Why we read the markup before translating the prose

A typical translation request arrives with two fields in it: the article body as plain text, and the same body as HTML. The first is easier to read. The second is the one we actually translate from.

This is a small habit, but it changes what comes out the other end.

What a stripped paragraph hides

When we receive an article scraped down to plain text, the document loses its scaffolding. Headings collapse into ordinary lines. A pull quote from Calvin reads like another sentence in the paragraph. A nested list of confessional articles becomes prose. The author’s argument is still there, but the structure that organized it is gone.

We can still translate from that stripped version. The vocabulary will be correct. The grammar will be right. But the result tends to drift: subheadings get translated in the same register as body prose, key terms inside emphasis tags get rendered as if they were ordinary words, and lists get reflowed into paragraphs because nothing tells the translator they were a list.

The HTML carries that information cheaply. A second of looking at the raw markup tells us where the author placed emphasis, where they broke an argument into steps, where they paused to quote, and where they moved to a new section. None of that survives the strip.

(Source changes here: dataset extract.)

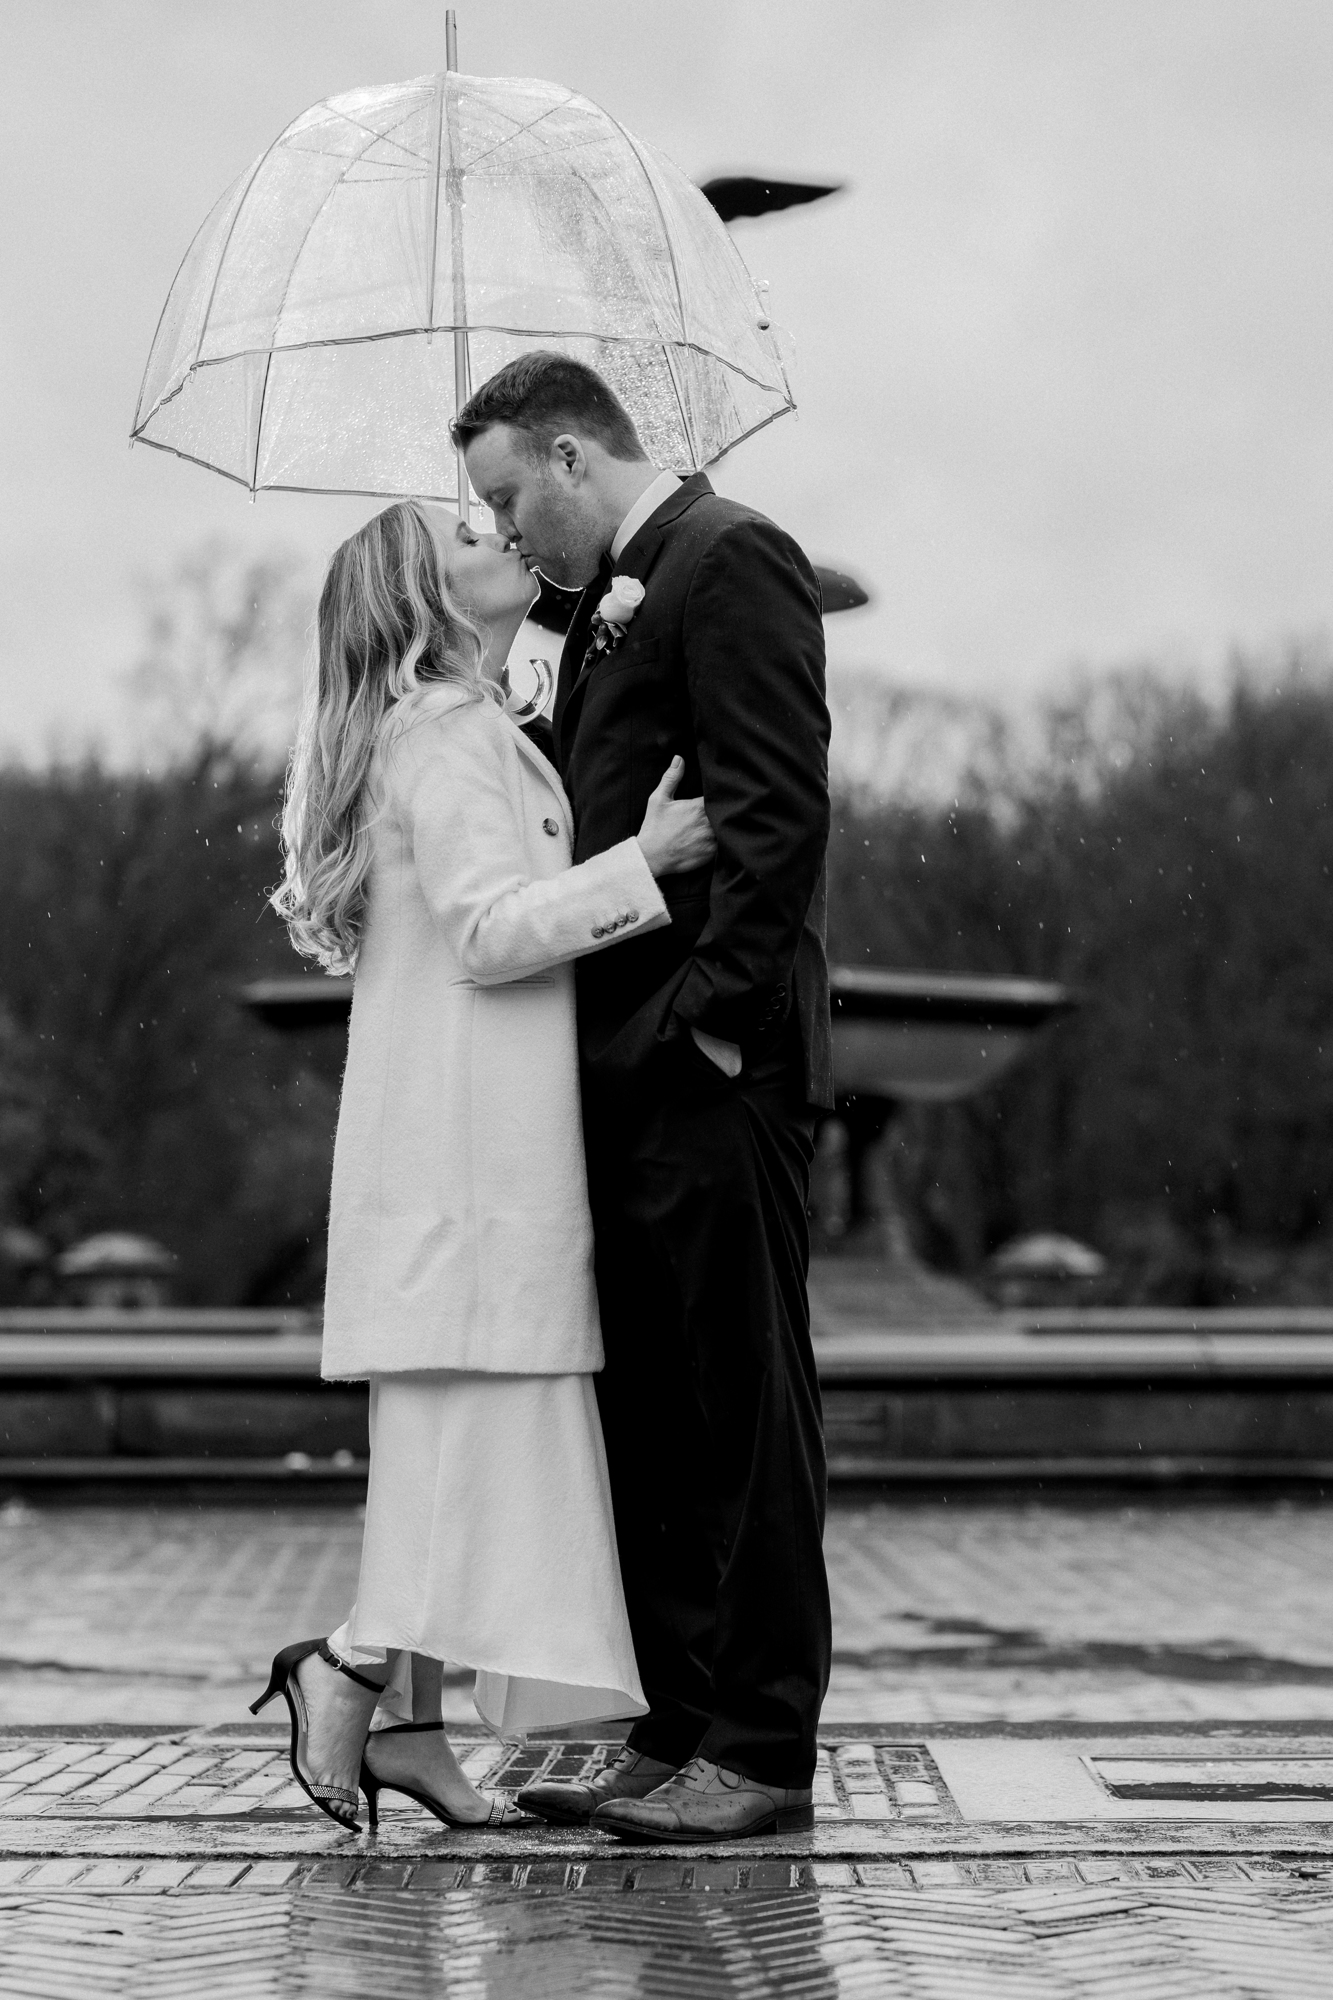 Rainy wedding photos in Central Park

Emphasis is rarely decorative

In Reformed writing, emphasis usually means something. When an author italicizes “alone” in “by faith alone”, they are not styling a word; they are making a doctrinal claim. When they emphasize “for us” in “Christ died for us”, they are signaling a particular reading of the atonement. These are arguments compressed into typography.

If we translate from plain text, we tend to flatten these. The Ukrainian word goes in, the emphasis comes off, and the doctrinal weight of the sentence shifts. The reader still understands the sentence. They just no longer hear the author insisting on something.

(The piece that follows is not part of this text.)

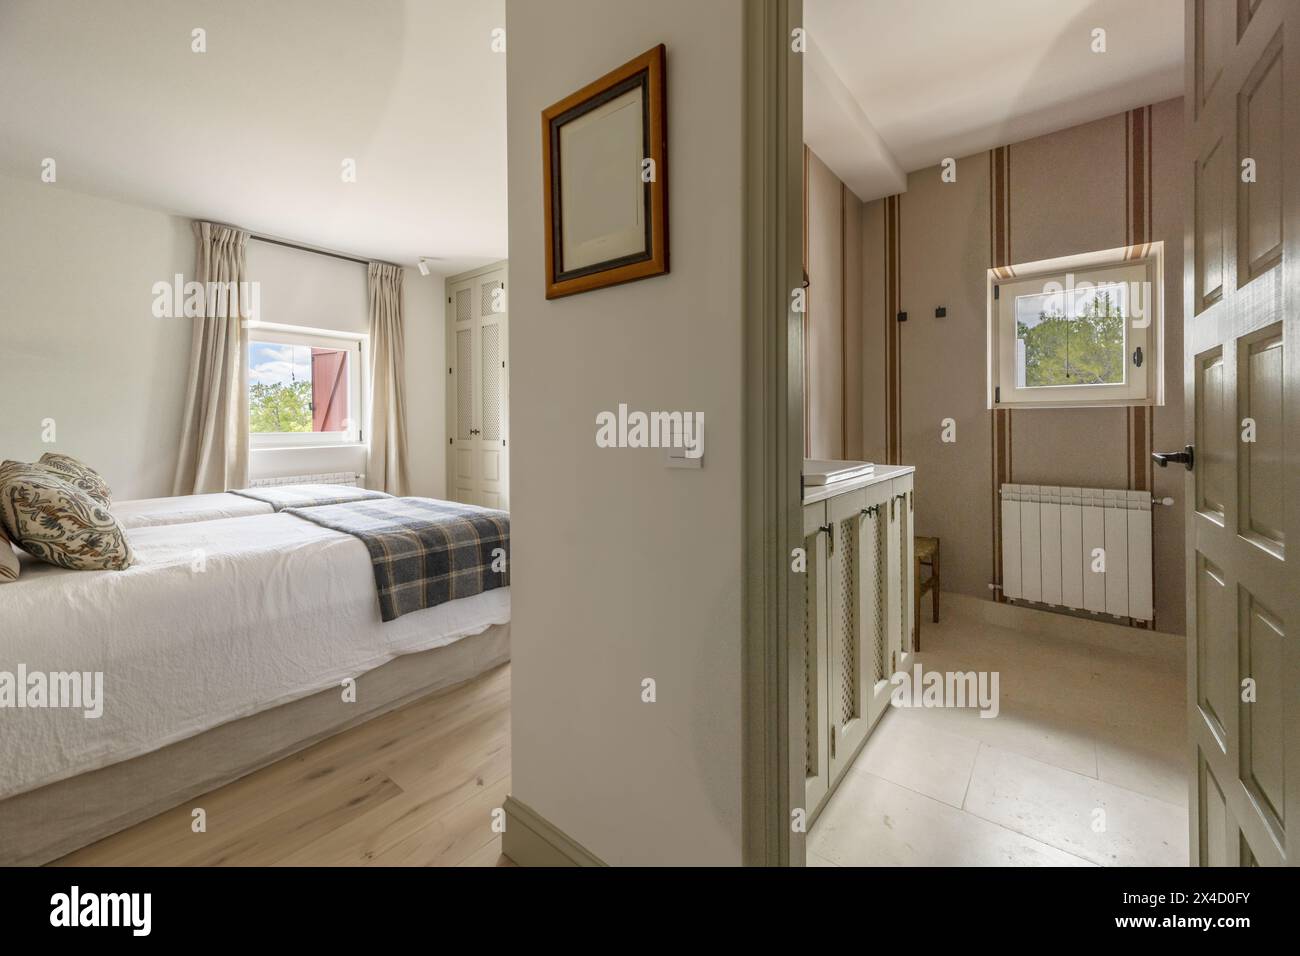 Ein Schlafzimmer mit zusammengeschobenen Twin-Betten, Decken und Stoffpolsterkissen und einem Badezimmer im selben Zimmer Stockfoto

Translating with the markup visible makes this harder to miss. We see the emphasis tag and we ask: is this load-bearing? Most of the time it is. Once in a while it is not, and we leave it off in Ukrainian where bolding the same word would feel ornamental rather than emphatic. That decision belongs to the translator, but it cannot be made if the markup is gone.

Headings set the register

A heading does two things at once: it labels a section, and it tells us what kind of section it is. “What Calvin actually said” is a different register from “Some notes on Reformed anthropology”. The first is conversational, the second is academic. The heading sets expectations for the paragraphs underneath it.

When we translate headings without seeing them as headings, we tend to render them in the same flat, careful prose register we use for body text. This produces Ukrainian articles where the headings feel weaker than the paragraphs under them, which is the opposite of how the original reads.

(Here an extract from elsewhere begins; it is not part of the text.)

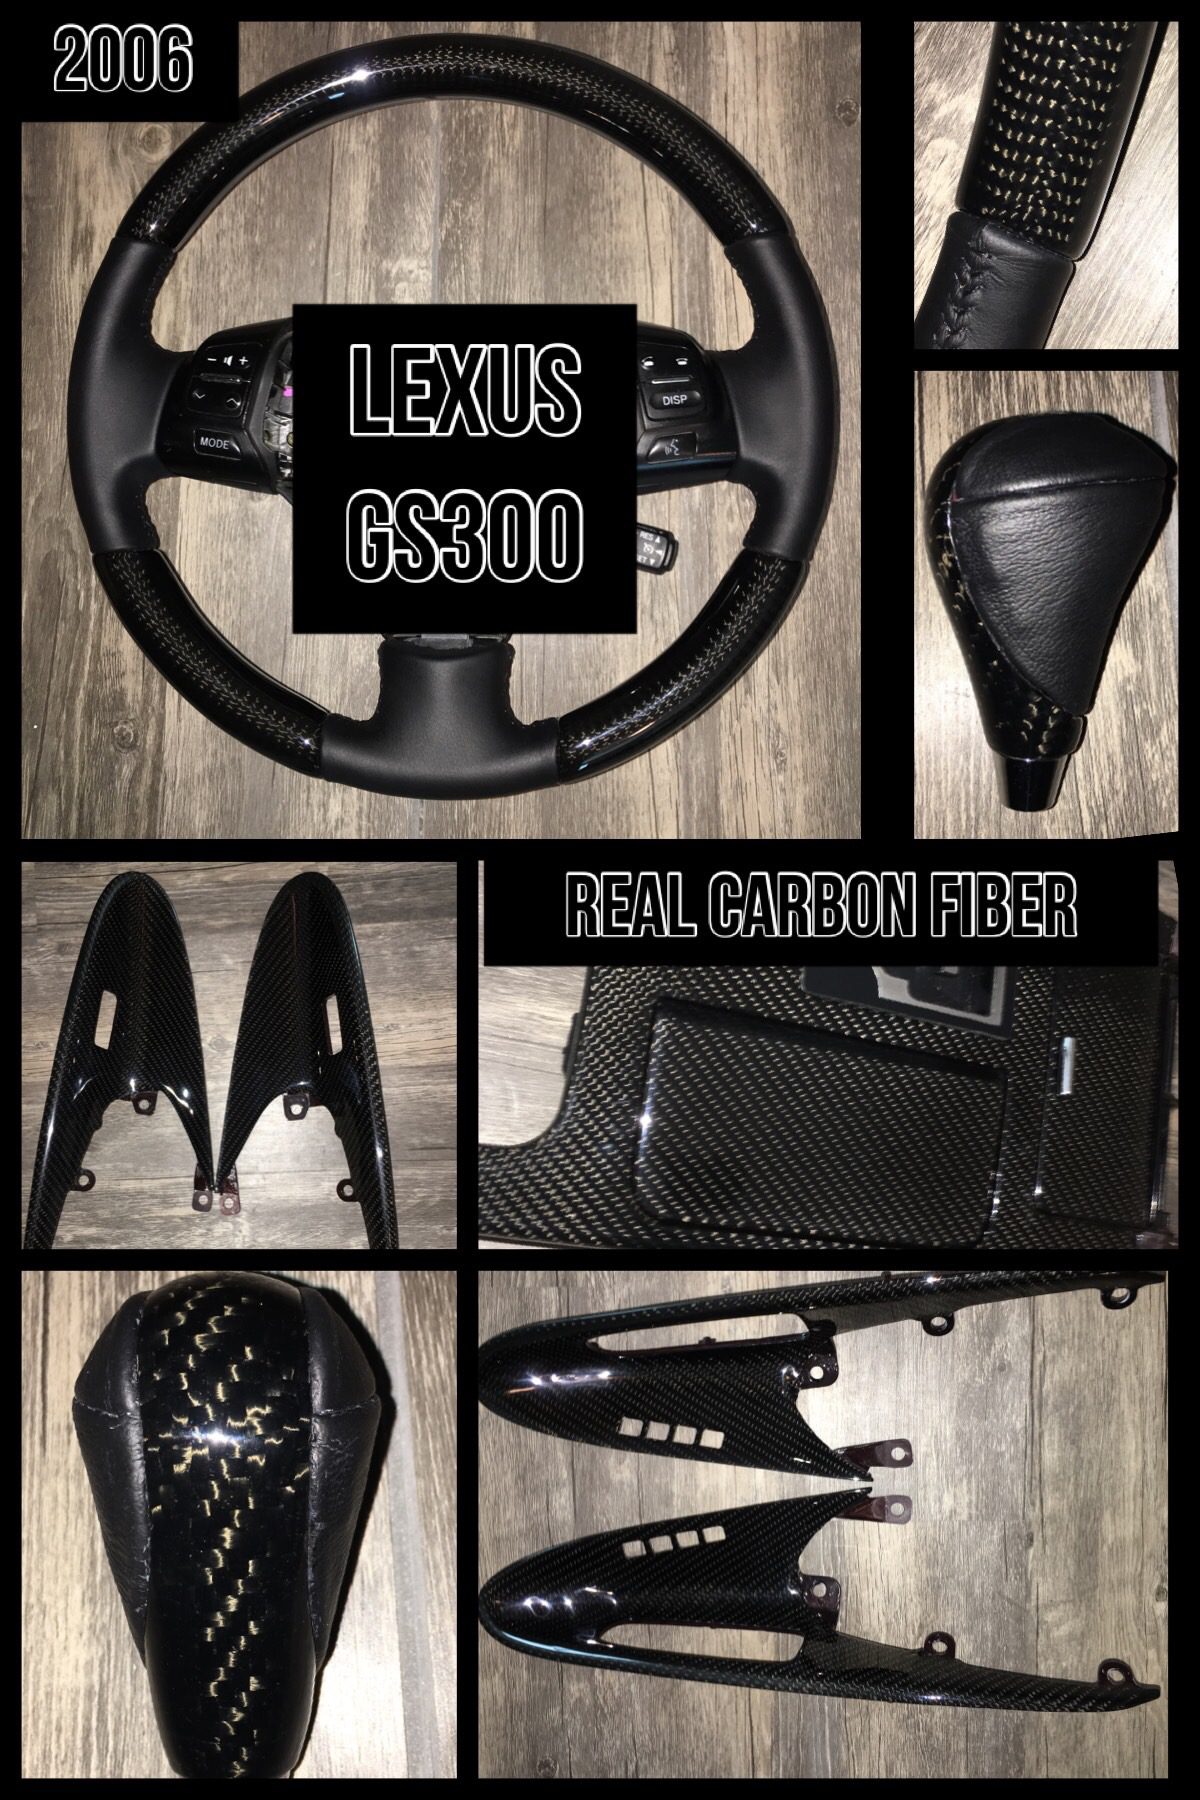 lexus gs300 carbon fiber trim steering wheel interior 1

Looking at the markup first lets us treat headings as their own kind of sentence. They get a tighter, punchier rendering. The body underneath them then has somewhere to live.

Lists are arguments in a particular shape

The author who writes “Reformed soteriology rests on five claims” and follows it with a numbered list is making a structural argument. The shape of the list, the parallel grammar of each item, the sense that these are equal members of a set, all of that does work in the reader’s head.

When the list collapses into prose, the parallelism goes. Item three becomes a clause inside a longer sentence. Item five drifts into its own paragraph. The reader still receives the five claims but no longer experiences them as a coherent unit.

Translating from the HTML lets us preserve that shape. We render each item as its own line, with parallel grammar in Ukrainian where the English had parallel grammar in English. The argument stays in the shape the author gave it.

Why this matters past the typography

There is a more general point here, and it is not specific to translation. Source material always arrives with structure. The structure is part of the meaning. Whatever process strips it down for convenience also removes information the next step needs.

We have noticed the same pattern in other places: in plain-text scrapes of academic papers where the citation list got flattened into footnotes that no longer connected to a particular claim, in transcripts of sermons where the speaker’s pauses and emphasis disappeared into a wall of grey text, in code snippets that read fine in a syntax-highlighted editor and became unreadable when pasted into a chat window without the colors.

The shape carries the meaning. When the shape is available, we use it. When it is not, we go and find it before we start work, because guessing at structure from inside the prose is much harder than reading the structure off the page.

A small habit, repeatedly

None of this is dramatic. Reading the HTML before translating the prose adds a few seconds to each article. Over thousands of articles it adds up to a noticeable improvement in how the translated version reads, and a meaningful drop in the kinds of mistakes that are hard to catch in review: a flattened emphasis here, a relabeled section there, a list that quietly turned into a paragraph.

The translator’s job is to move meaning across a language boundary without dropping any of it. The markup is part of the meaning. We try not to drop it.